Day 20: Broad Appeal
December 7th, 2005Match.com stats:
Total profile views: 1258 (54 since yesterday) New received emails: 2 unsolicited New sent emails: 1 new, 0 reply New winks: 1 Optimism level: Onward and upward.
It’s been three days since I emailed “Homer” and four days since I called Bodybuilder Boy, so now I have to determine if there’s something I did in a 20 second voice mail or three line email message to cause their disappearing acts. As for the phone message, I get a lot of compliments on my voice, so I’m certain it’s not that. In my last email message to Bodybuilder Boy, I mentioned that every time I read or responded to one of his emails the song line that opens his profile would get stuck in my head for hours. So when I left the message I referenced that fact then quipped if we ever actually met I might end up at a nutty farm as a result. Maybe he took me too seriously and decided to spare my sanity.
As for nailing down any mistakes I may have made with “Homer,” that’s even tougher. The only one I could really come up with was that it took me three days to respond to his last email. It really wasn’t intentional on my part. I knew he was out of town so I didn’t think there was any need to rush with a response and the right words didn’t hit me. Time just sort of escaped me before I realized I needed to reply. So the delay was a possible reason that hit me immediately. Then I decided to check out the website I knew he had and it turns out there’s a blog on there. There is a gap in the blog from mid-October to Dec. 1 then one more post today. In today’s he wrote: My sex life is completely dependent on my dial up connection… No one wants to talk face to face anymore. ‘Call me, e-mail me, text message me.’ Jesus, how bad is my breath?!” I considered the fact that my last letter instructed him to email me when he got the chance. That seemed reasonable given that he was away and he’d indicated he didn’t have the “time or resolve” to invest in a relationship. It would have been a lot weirder for me to say, “As soon as you drop off your bags, let’s meet for a drink.” With “Homer,” I think he sent mixed messages and doesn’t really know what he wants. I’m not a psychic so there’s nothing I can do about that. In the end, I don’t feel I made any particular missteps, I guess it just wasn’t meant to be with either of these guys.

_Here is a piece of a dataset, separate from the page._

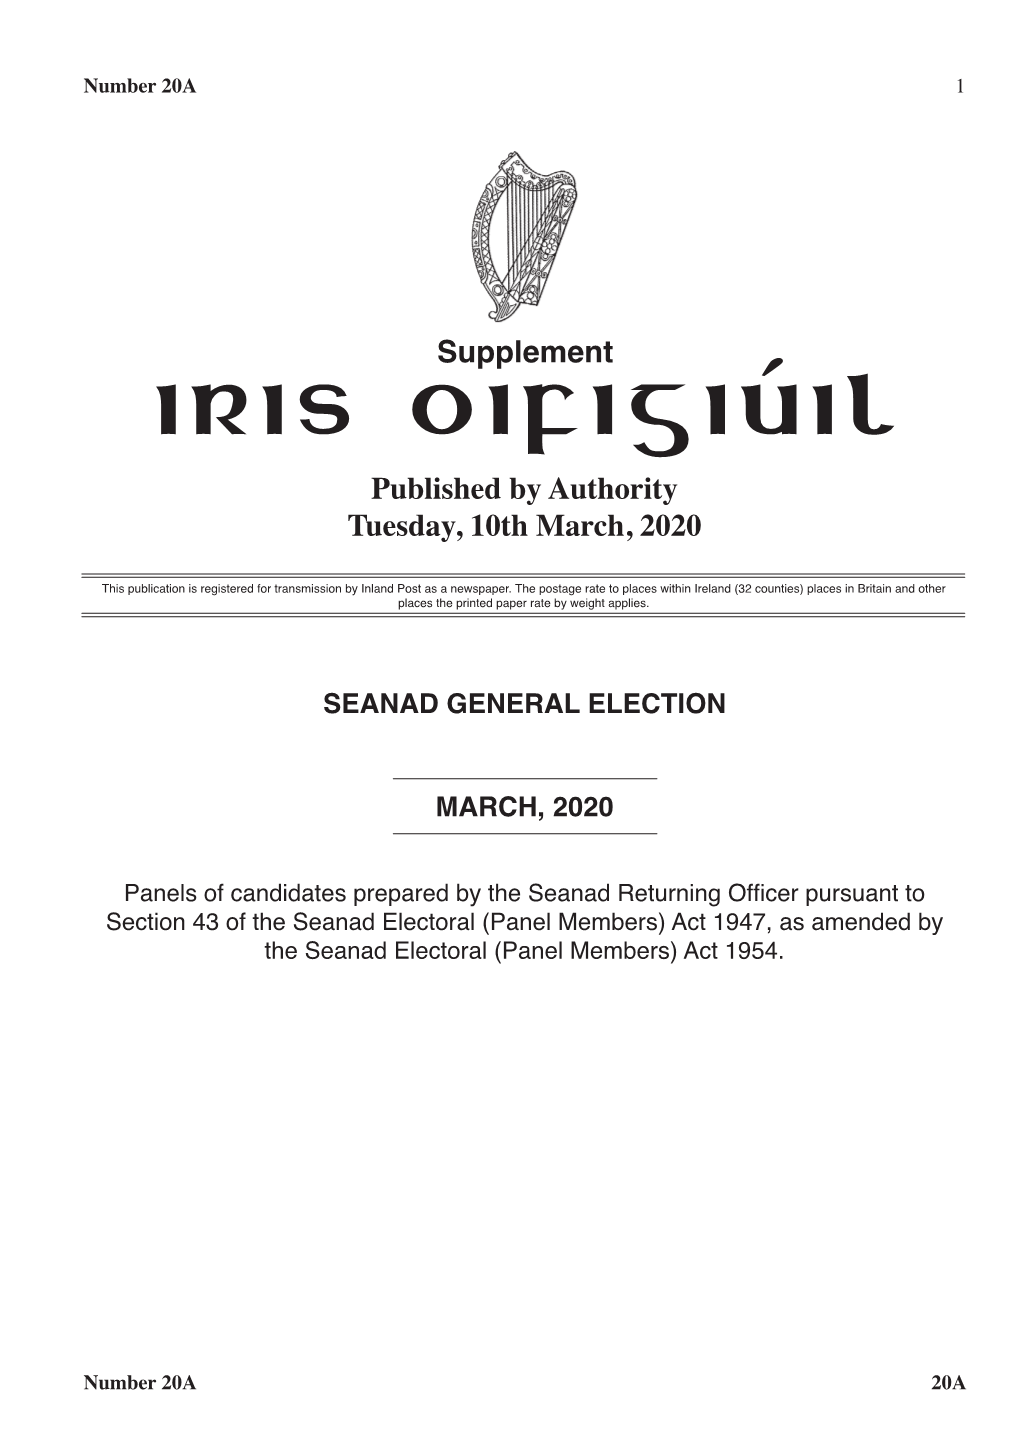 Seanad General Election 2020

No sense dwelling on a couple of screen names- I’ve already contacted my next prospect. This guy sounds so similar to me it’s almost frightening. I realized that with the omission of one word I could easily replace my narrative with his. We sound almost perfect for each other- the “almost” being the religion issue. He said in his profile that he’s very spiritual but obviously has a disdain for religion. Since some people’s definition of “spiritual” can have nothing to do with God, it’s hard to know exactly where he stands. I guess his response (or lack thereof) will tell me.
EMAIL #1: This guy did a good job on his profile. His narrative is well-written and he made the right photo choices. He chose the best picture to be his primary photo and included other images that look similar enough to get a good idea of what he looks like. Unfortunately, what he looks like really isn’t my type and he’s an inch shorter than me. In his email, he asked A LOT of questions about my profile- good questions, grammatically-correct questions- but if I answered them all, there might be nothing left to talk about if we met. This one’s a dilemma because he sounds like a decent guy but there’s nothing that really grabs me. I still need that practice date, so I’ll have to consider him. Moved to folder: It can’t hurt… can it?
EMAIL #2: This character is a doozy. First of all, the guy lives 2000 miles away. How many months of rejection on Match does it take for someone’s search to reach the other end of the continent? Somebody kill me if I go beyond the next county. He’s got a plan for getting to know one another, offering up a Yahoo messenger ID, an MSN messenger ID and two email addresses. I don’t even know that many methods for contacting my own parents. Then he signed the email, “Love always…” Maybe I could forgive that particular flap if he was a teenage girl, but a 45-year-old man should know better. Moved to folder: Needs the contact info. for a good therapist.
Today’s wink came from a guy who’s three years younger and four inches shorter than me. Oh, and he lives in Armenia. Talk about leaving no stone unturned.
Amazing! You spend an incredible amount of time analyzing people, and yourself. And, you focus on one or two prospects at a time, before moving on. Is it you, or women in general, you think?
I’ve lost count…How many folders are there now?
Hurry up and go on a date would ya!!! I’m anxious to hear your take on a “real” encounter. You’ve got a brilliant sense of humor!
Don’t let those scared men, aka anonymous, deter you.
Jessica- I’m currently interviewing for an assistant to help organize all the folders. I may have to rent storage space soon. Believe me, I’d like to get a date in soon and thought I was going somewhere with “Homer” and Bodybuilder Boy. I think anonymous makes some interesting points worth considering. I think I’ll analyze them for the next few hours then post my thoughts.